This means that if you choose it, you should adopt a pattern where you fetch the private data member into a local variable at the beginning of your utility function and set it from the local variable before you return. Of course some utility functions may call out to functions that require the object state to be updated before they're called, and this pattern would then have to be modified to account for that. But then again, such utility functions are likely not to be able to satisfy the strong exception handling guarantee and should be rethought anyway.
It looks as if you need some interface for client code, and some 'convenient' functionality for implementors of the interface, which they can only use if they follow the rule of calling the useThis function of the convenience layer, which will tweak their private members.
Whenever I gave in to the temptation of putting the convenience functionality in my abstract base class, I regretted it (soon!) afterwards. It takes away a lot of flexibility.

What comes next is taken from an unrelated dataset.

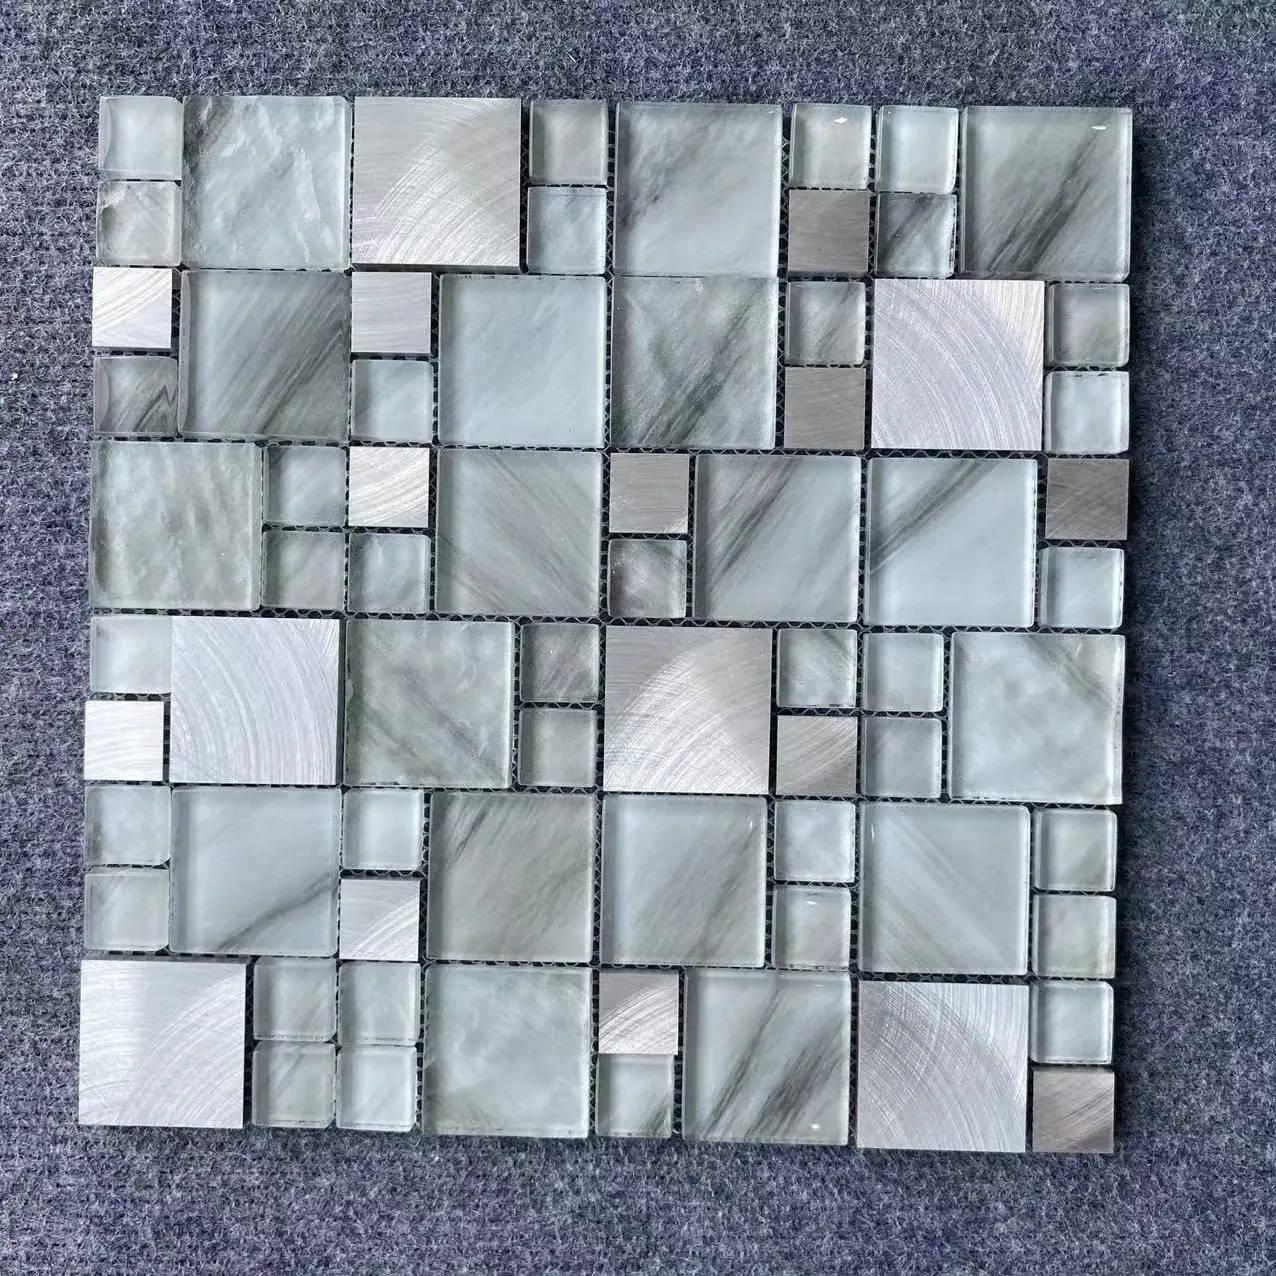 Foshan Parcos popolare mix di mattonelle di mosaico di vetro in acciaio inossidabile piastrelle di cristallo quadrato di mosaico per piscina
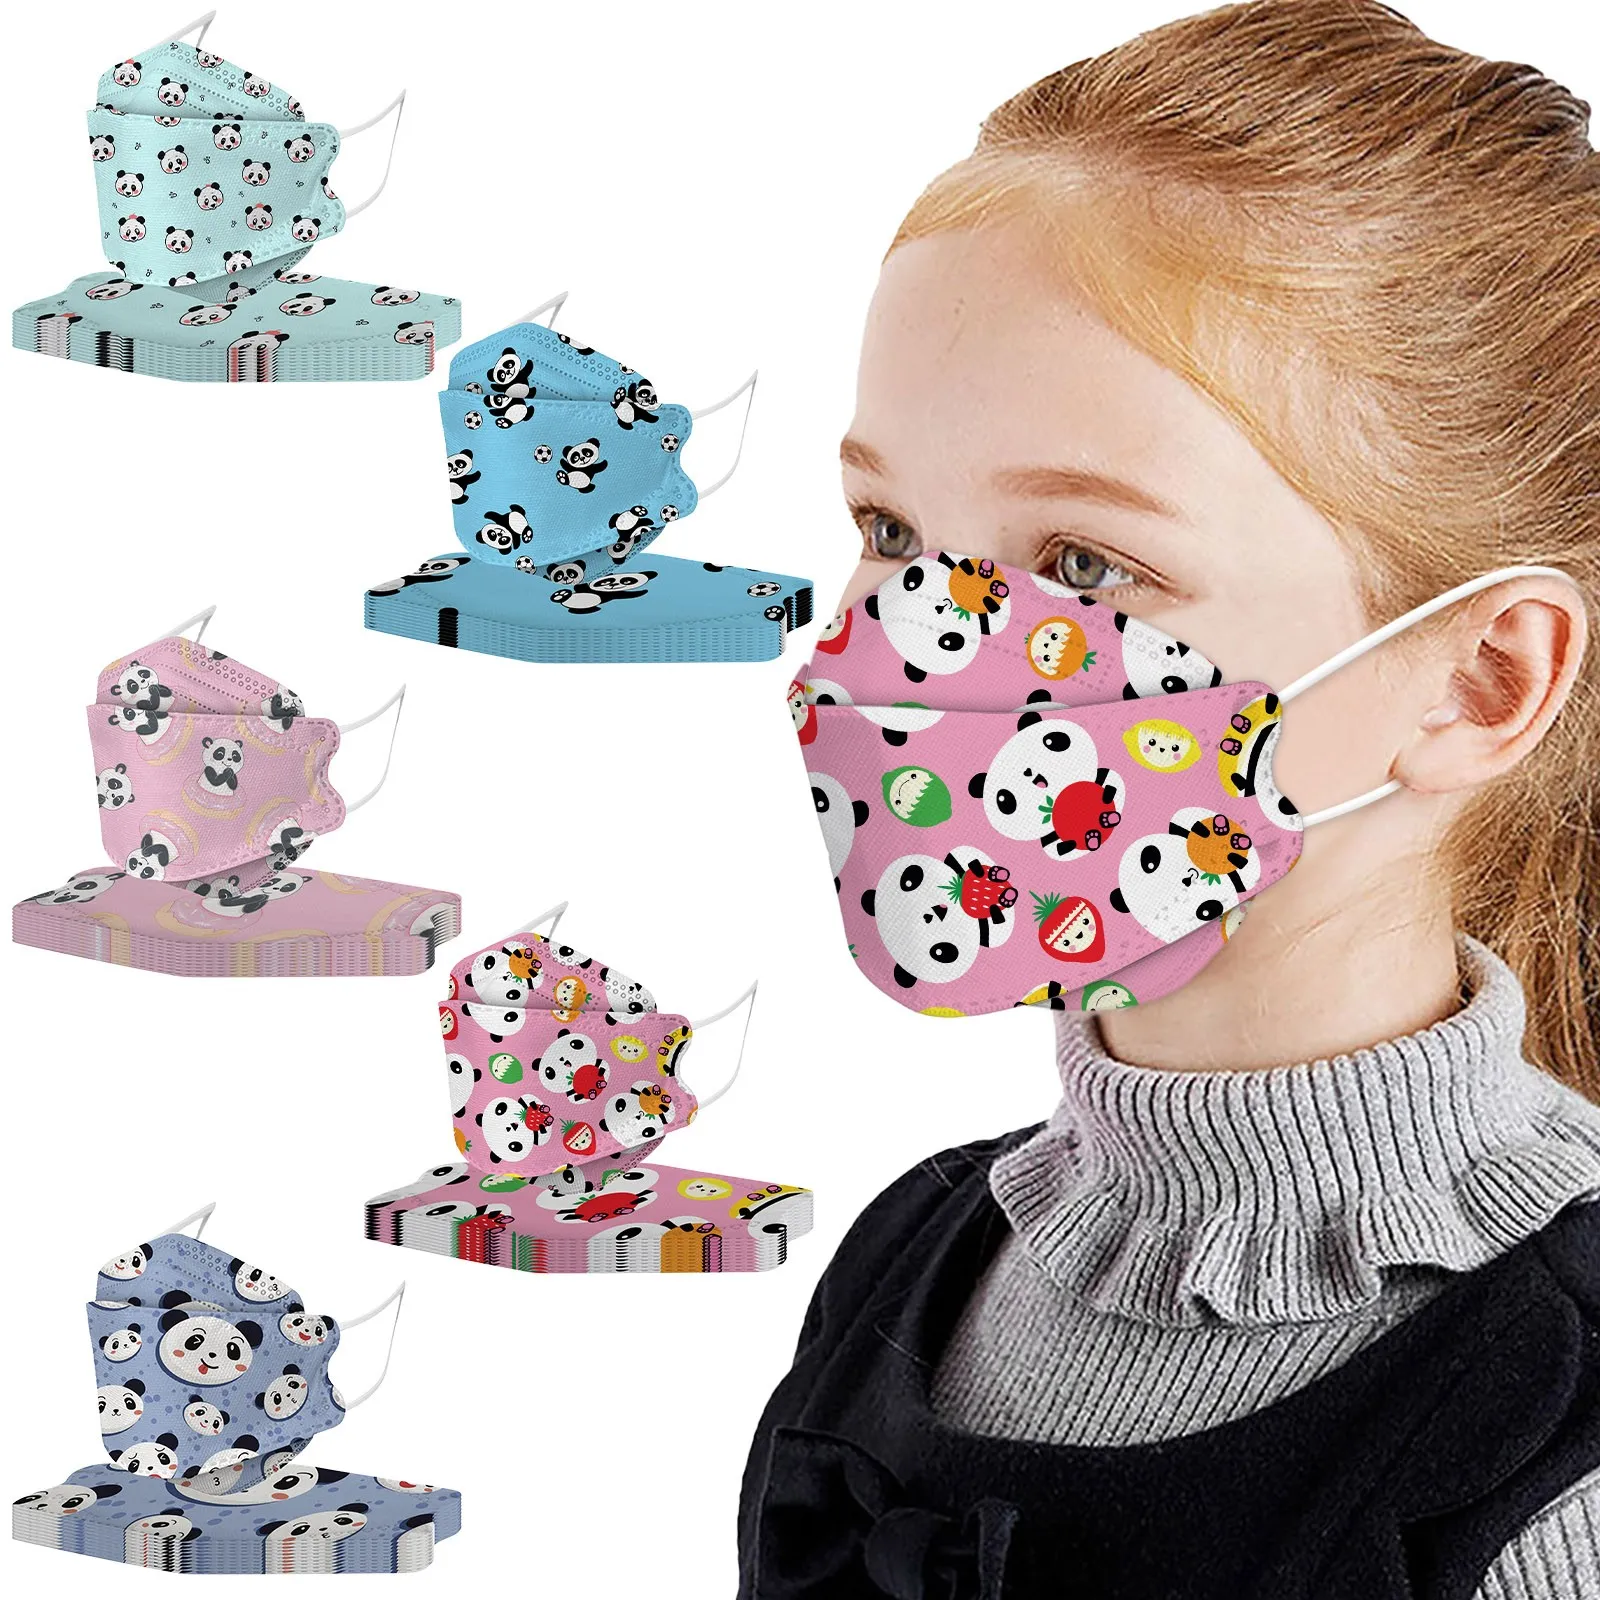 Tanie Pakiet 10 dzieci sport zewnętrzny ochronny maski dziewczyny chłopcy Cartoon

The solution proposed by AlexKR makes this situation slightly better.
An alternative way of doing this is providing some convenience class that implementers of the interface can aggregate instead of inheriting it. It can provide a function taking the implementer's members as arguments.
class Interface { public: virtual void f() = 0; };
class Convenience {
public:
void tweakMyMembers( int& member1, float& member2 );
bool somestate;
};
class Implementor : public Interface {
int m1; float m2;
public: Implementor( bool b ): conv( b ) {}
virtual void f() { conv.tweakMyMembers( m1, m2 ); if( m1<m2 ) dothis(); }
};